No loss of power to a board of directors (although an operating agreement may provide for centralization of management power in a board or similar body).
Membership interests of LLCs can be assigned, and the economic benefits of those interests can be separated and assigned, providing the assignee with the economic benefits of distributions of profits/losses (like a partnership), without transferring the title to the membership interest.
There is no chance of disputes which are common in private companies, as a member would not be having any associate in the company.
Disputes among the heirs will not have any negative impact on the business or legacy of the company.
There are no restrictions on the business of a single-member company.

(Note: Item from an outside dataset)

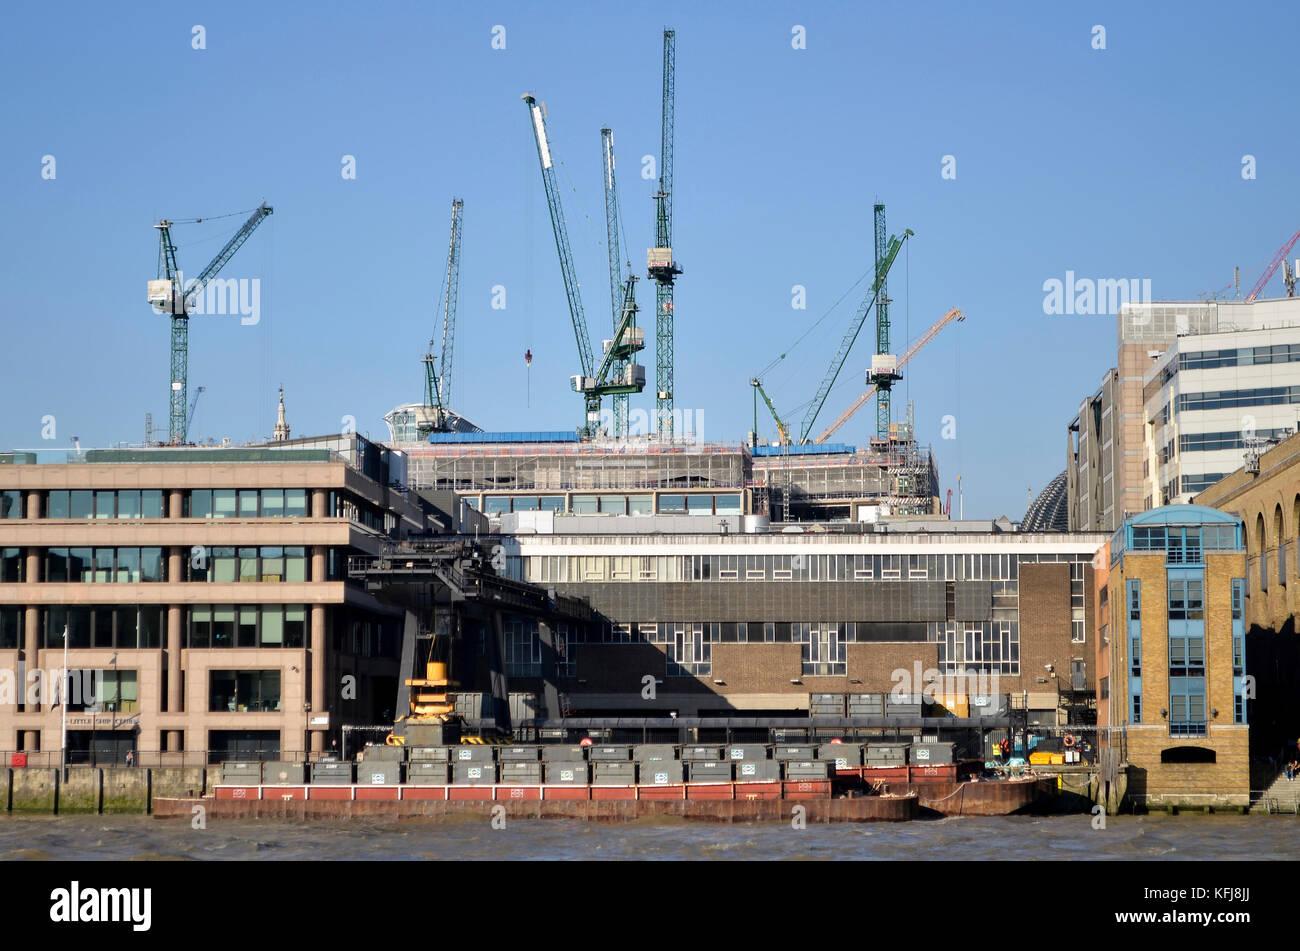 Cory de manejo ambiental de residuos sitio contenedor y barcazas en walbrook Wharf, la Upper Thames Street, Londres. Imagen De Stock

All the individuals having their own business in the form of trade, industry, agriculture, advisory role or any other provisions can form a company and can benefit from the new concept.
Do you prefer Single Member Company over Private Limited Company?
Single Member Company Vs. Sole Proprietorship
Before you start a new business, you must decide the tax entity of your company. While a sole proprietorship is the simplest and least expensive way to start a business, you may be better off filing to be a sole LLC. The LLC provides the advantages of limited personal liability, transferability of ownership and better access to capital over a sole proprietorship.
A major reason for the design of a limited liability company was to reduce the personal risk of running a business. When you run your business as a sole proprietorship, you are personally liable for your business losses. Creditors are able to make claims against the personal assets of the owner of a sole proprietorship. The business losses of a sole LLC are limited to the assets of the business. Creditors cannot make claims against the personal assets of the owner of the LLC. If the LLC is sued, goes bankrupt, or cannot pay its debts, the members' personal funds are not at risk.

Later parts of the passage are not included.